The winter stock market sell-off deepened this week, pushing the three major indices into the red for 2022.
The S&P 500 and Dow Jones industrial indexes have fallen for the second week in a row, while the Nasdaq Composite has fallen in the past three weeks. Investors continued to sell bonds, pushing the yield on the benchmark 10-year US Treasury bond higher for the fourth consecutive week, posting its biggest gain during that period since mid-March.
Investors were still assessing interest rate expectations and how quickly the Federal Reserve would move to tame inflation, disrupting the stock and bond markets.
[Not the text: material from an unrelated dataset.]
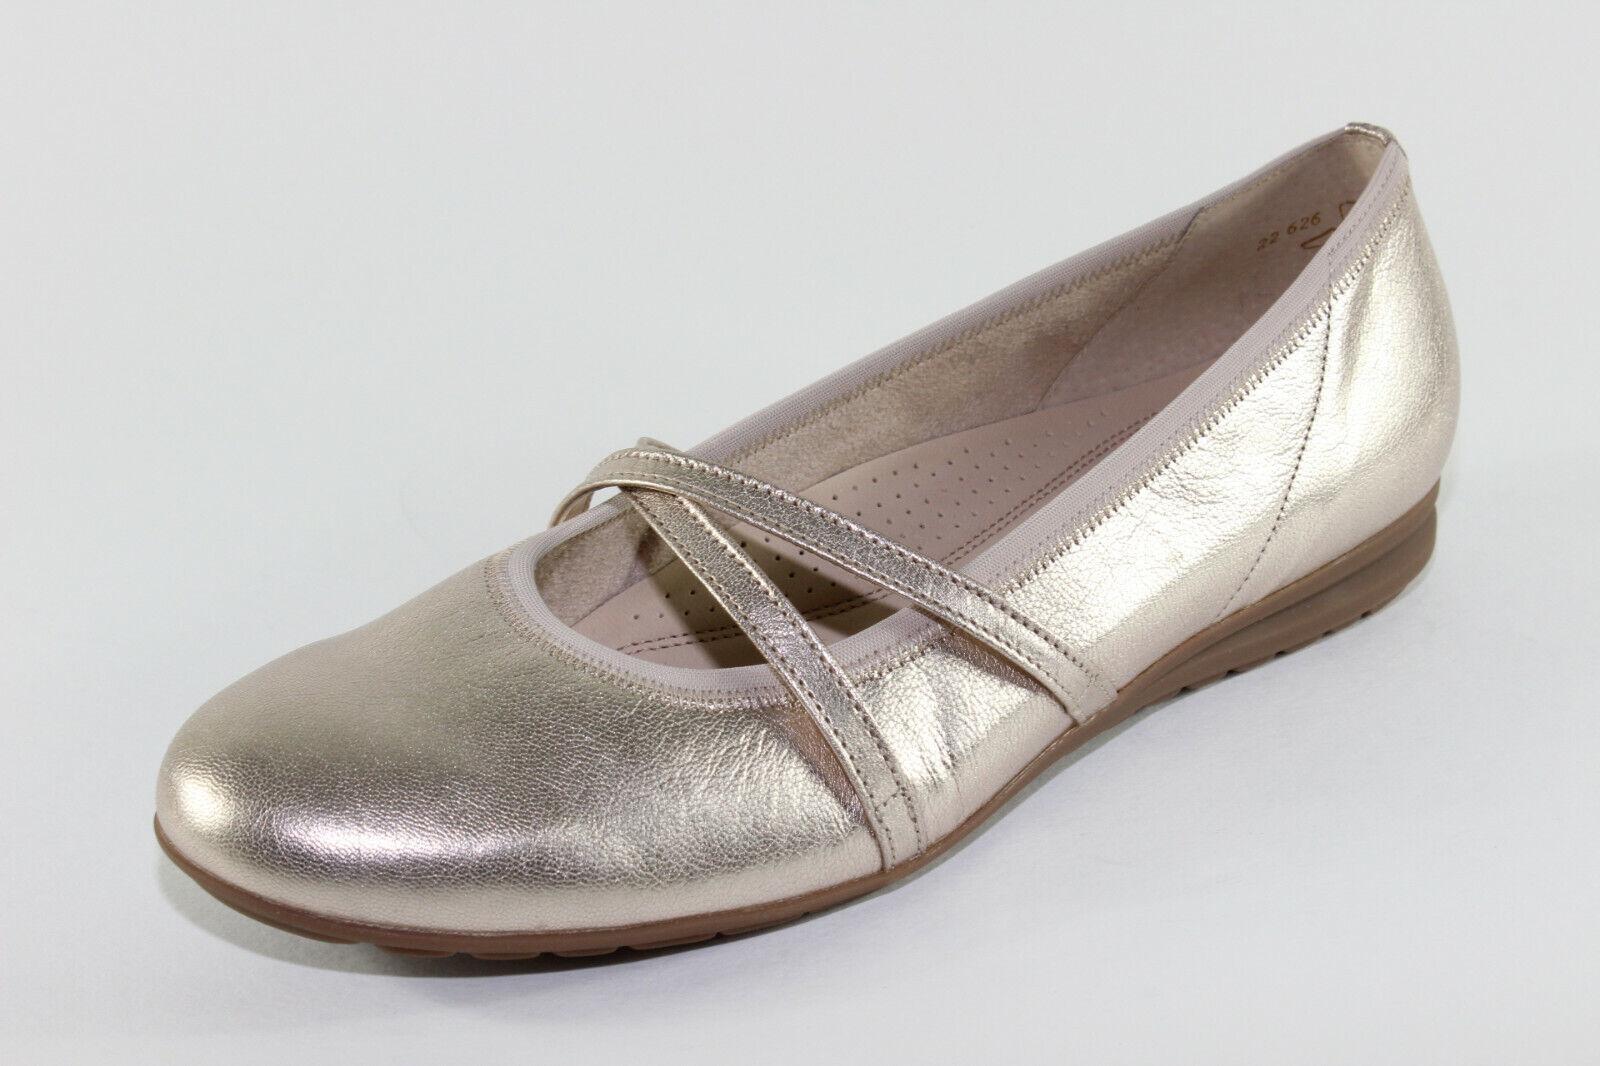 mit Ballerinas komfortable Gabor Effekt Leder, 626.89

Meanwhile, a spike in Covid-19 cases has weighed on sentiment, although there are signs that infections may be nearing a peak.
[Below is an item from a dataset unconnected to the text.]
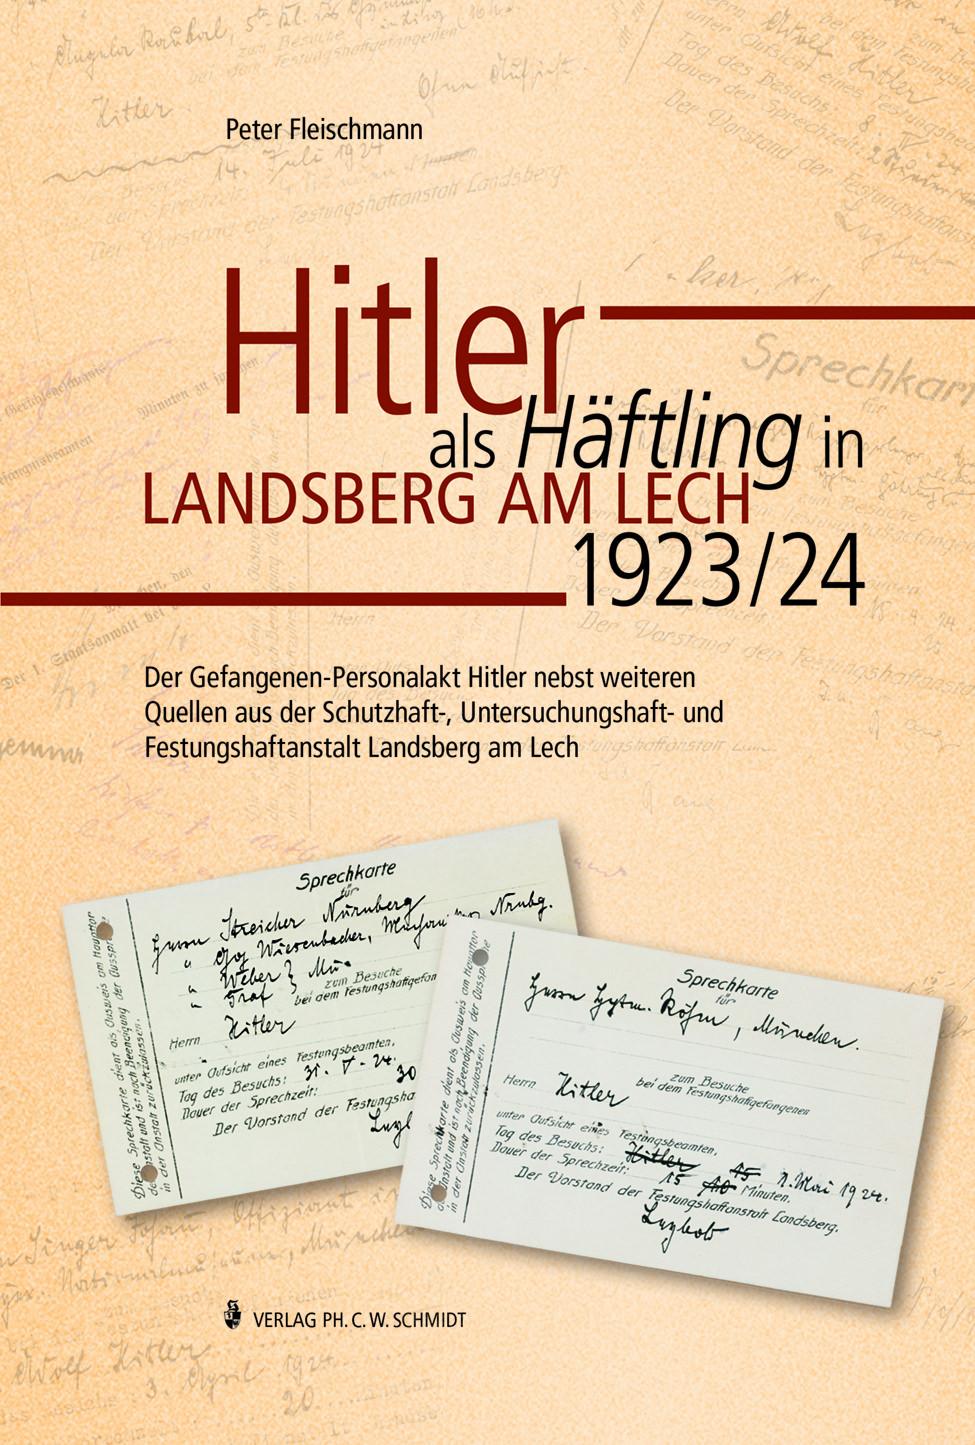 Fleischmann Peter - Hitler als Häftling in Landsberg am Lech 1923/24

The week started on choppy grounds, with stocks broadly lower and the Nasdaq close to a correction before closing slightly higher. On Tuesday, Federal Reserve Chairman Jerome Powell reiterated the central bank’s view that inflation is likely to peak by mid-year, while also noting that interest rates will remain low. This helped halt a series of declines for the S&P 500 and Dow industrials index.
Stocks, especially hard-hit sectors like technology, appear to be regaining some of their gains. But new pricing data released on Wednesday and Thursday showed inflation remained hot last month, complicating expectations. Stocks fell on Thursday, led by a 2.5% drop in the Nasdaq.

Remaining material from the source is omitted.